Written by Paul Bourke
January 2017

In what follows various mathematical and graphical models will be presented for the surface features of some popular sports balls. In each case the equirectangular texture will be provided along with a couple of rendered images. The intent here is not to present high quality and realistic renderings, but rather to capture the underlying geometric essence. It should be noted that in many cases there is not one design for the balls, there is variation over the years as manufacturing has evolved but also variations due to different manufactures, in some case variations arising due to patents.

Tennis ball (Softball, Baseball, Basketball, Tee ball, Hurling)

The shape of the seam on a tennis ball, like some other ball seams, arises from the initial goal of producing one 2D shape that can be cut out of a sheet of material and then stitched together in pairs. This is an example of dform surfaces. One proposed equation for the the seam is the following parametric equation

x = sin(pi/2 - (pi/2 - A) cos(T)) cos(T/2 + A sin(2T))
y = sin(pi/2 - (pi/2 - A) cos(T)) sin(T/2 + A sin(2T))
z = cos(pi/2 - (pi/2 - A) cos(T))

Where T ranges from 0 to 4pi and parameter A in the following is 0.44.

Another construction involves constructive solid geometry, namely the subtraction of a cylinder and box from a sphere.

CSG elements: sphere, cylinder, box

One half of ball, other half involved two rotations

Equirectangular projection of one half of ball, the other half is the same form rotated 180 degrees about the vertical axis and then 90 degrees along the gap axis.

The relative size of the lobes is controlled by the relative size of the subtracted cylinder and box.

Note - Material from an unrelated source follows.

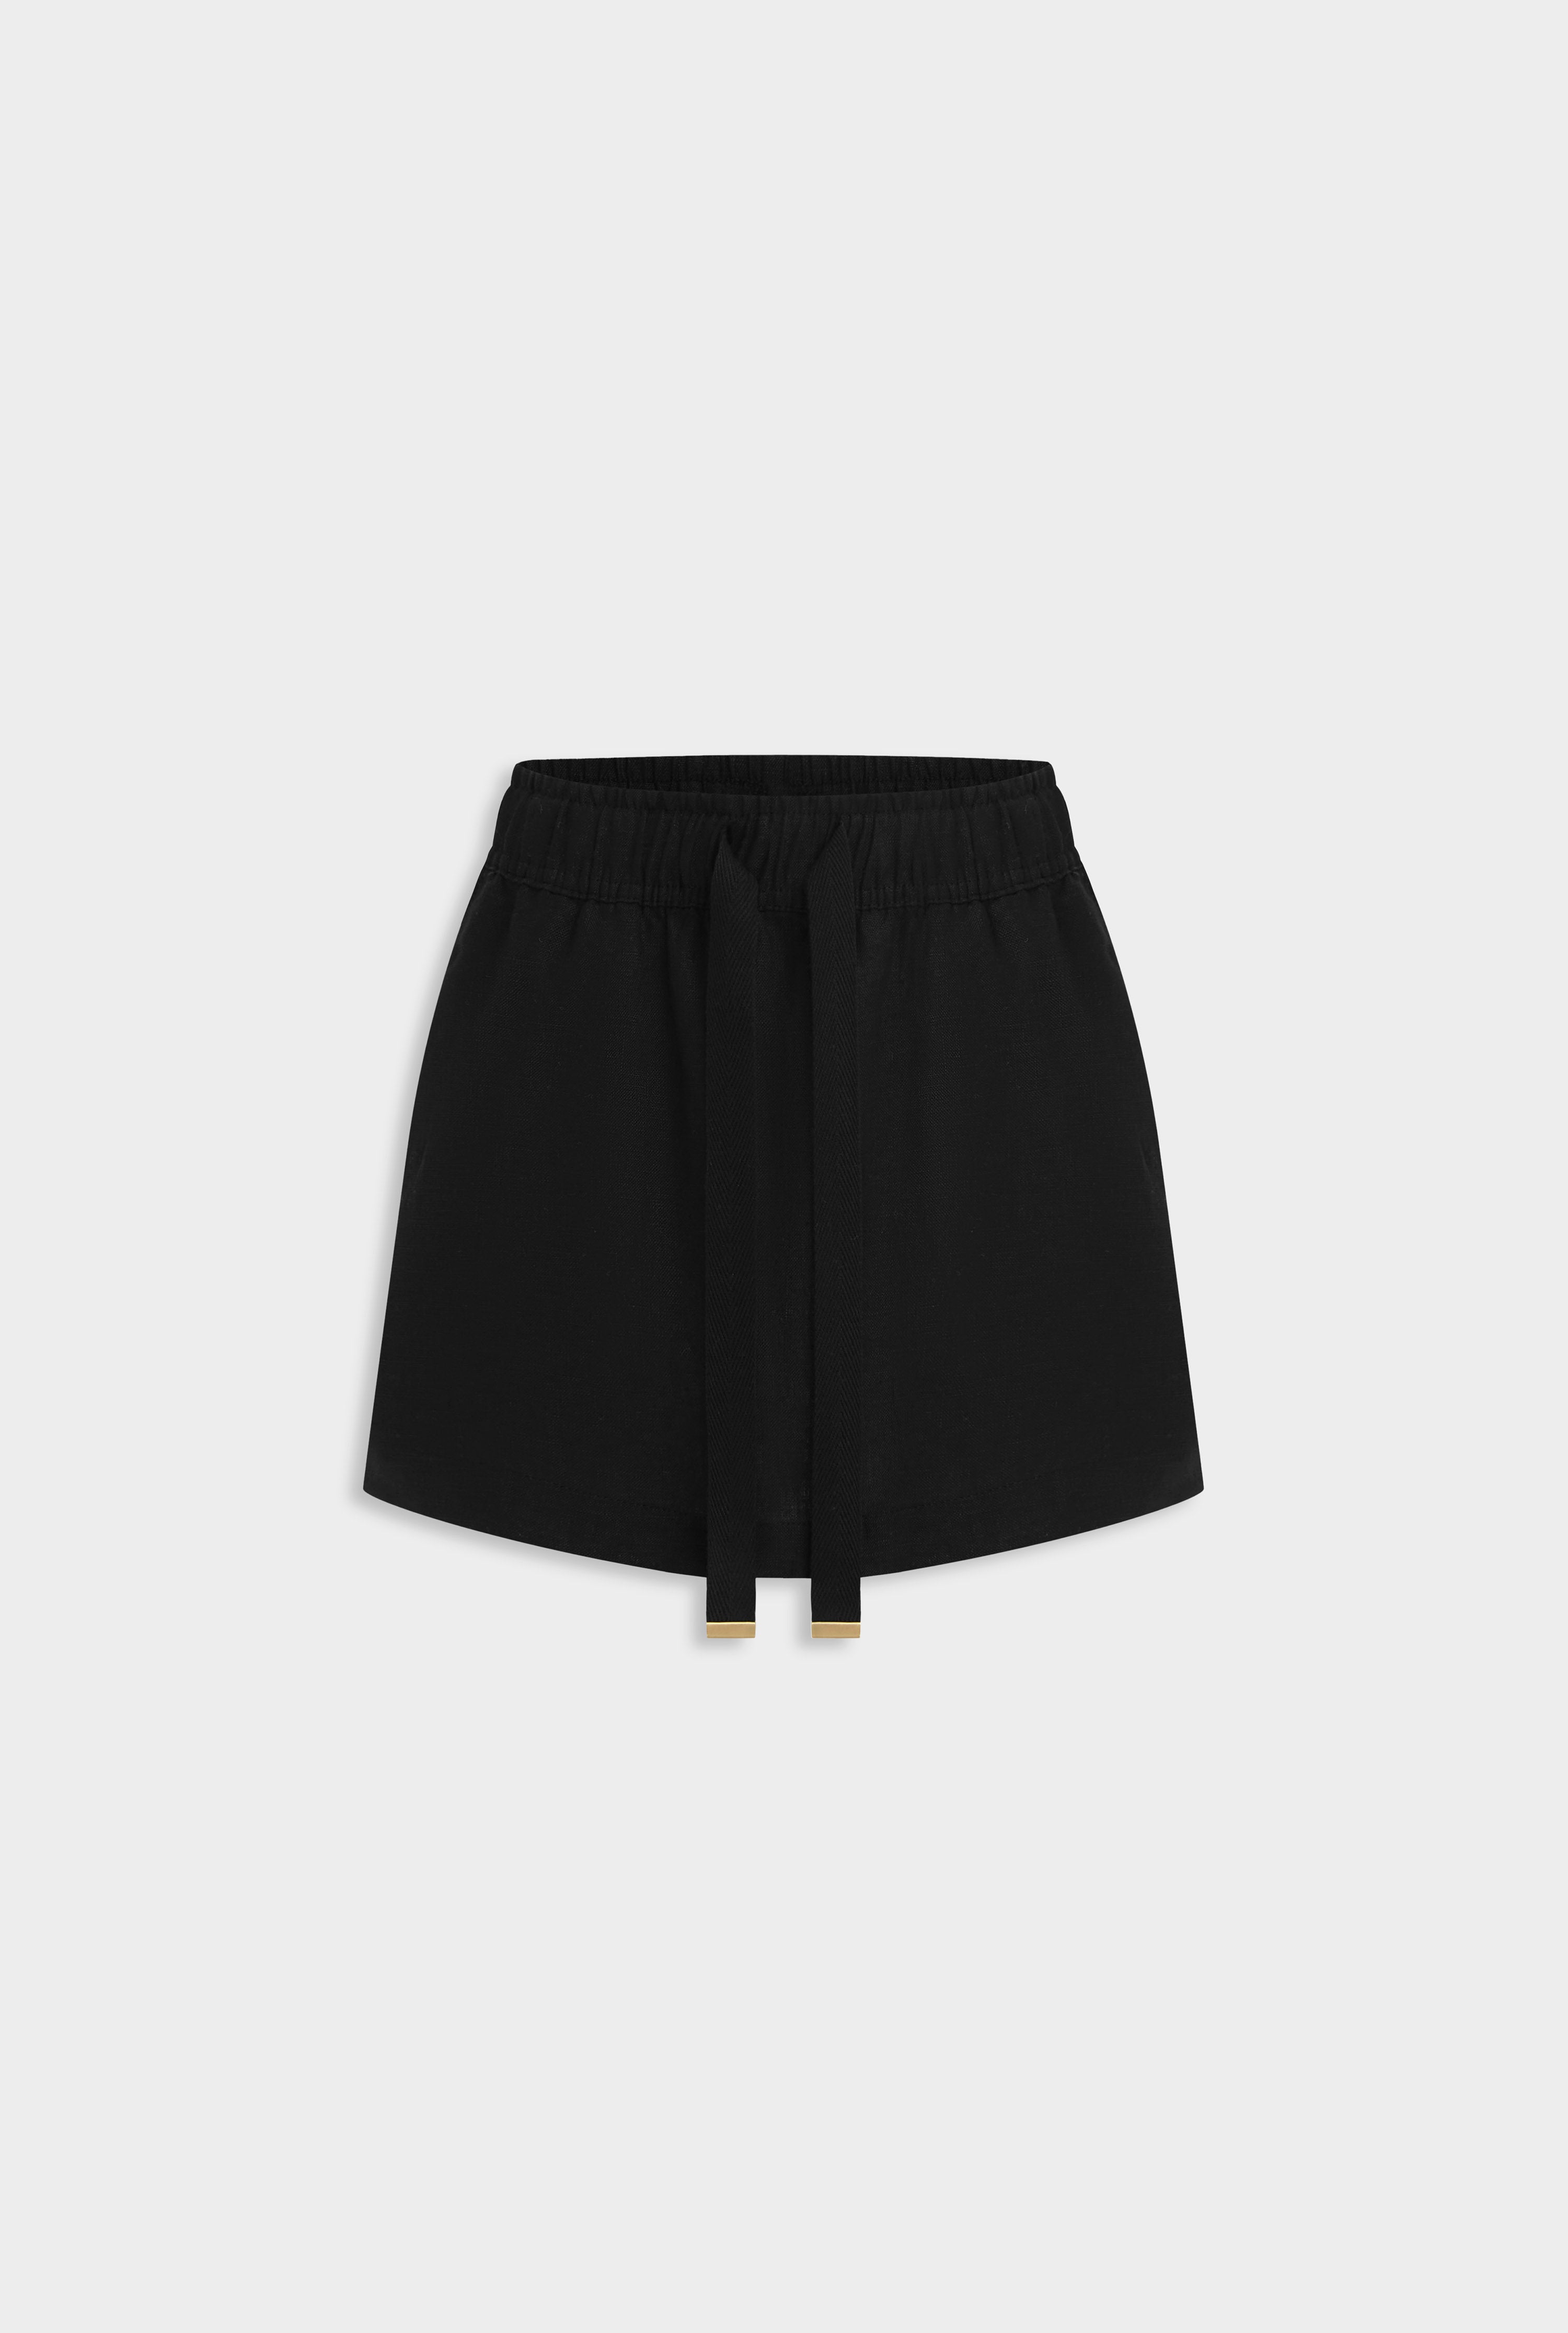 Lounge Skirt - Black

Subtracted cylinder of radius 0.7

Subtracted cylinder of radius 0.5

Another formation with good control over the seam spacing is to take the intersection of an Ennepers minimal surface with a sphere, the radius of the sphere controlling how close the lobes are.
Parametric equations for the Ennepers surface is

x = u - u3 / 3 + u v2
y = v - v3 / 3 + v u2
z = u2 - v2

Where, in the figure below, -2 <= u <= 2, -2 <= v <= 2

Ennepers minimal surface

Intersection with sphere of radius 0.5

Basketball (Water basketball)

The main curved seam on a basketball can be created using the same techniques as for the tennis ball, it has an additional two seams at 90 degrees to each other.

Cricket ball

This is a rather dull case since a cricket ball only has a single seam between two hemispheres, dark line in the equirectangular below. The other curves represent the stitching which runs along lines of latitude on either side of the seam.

Soccer ball (Hand ball)

A soccer ball seam is the projection of a truncated icosahedron (see item 22 and 25) onto the surface of a sphere. There are 60 vertices, 90 seam edges, 20 regular hexagonal faces and 12 regular pentagonal faces. The truncated icosahedron is constructed by starting with an icosahedron with the 12 vertices truncated 1/3 of the distance. This creates 12 additional pentagon faces, and turns the original 20 triangular faces into regular hexagons.


Truncated Icosahedron

The map can be rotated to place the two hexagons at the poles making the equirectangular projection easier to understand.

Golf ball

The roughness of a golf ball, introduced in the late 1800's, made for a more consistent flight path than smooth surfaces. The dimples, introduced in the early 1900's, create a turbulent layer around the ball creating a low pressure leading edge and thus less drag allowing the ball to travel further. There were disputes in the 1980's around symmetric vs non-symmetric dimple patterns, the later provided for a sort of self correction of ball spin during flight. While there are asymmetric balls they are only allowed in non-tournament games. Most balls have between 300 and 500 dimples. The example below has 308 dimples. It is formed by progressively sampling lines of latitude in equal steps with ever increasing steps in longitude and phase offsets per latitude.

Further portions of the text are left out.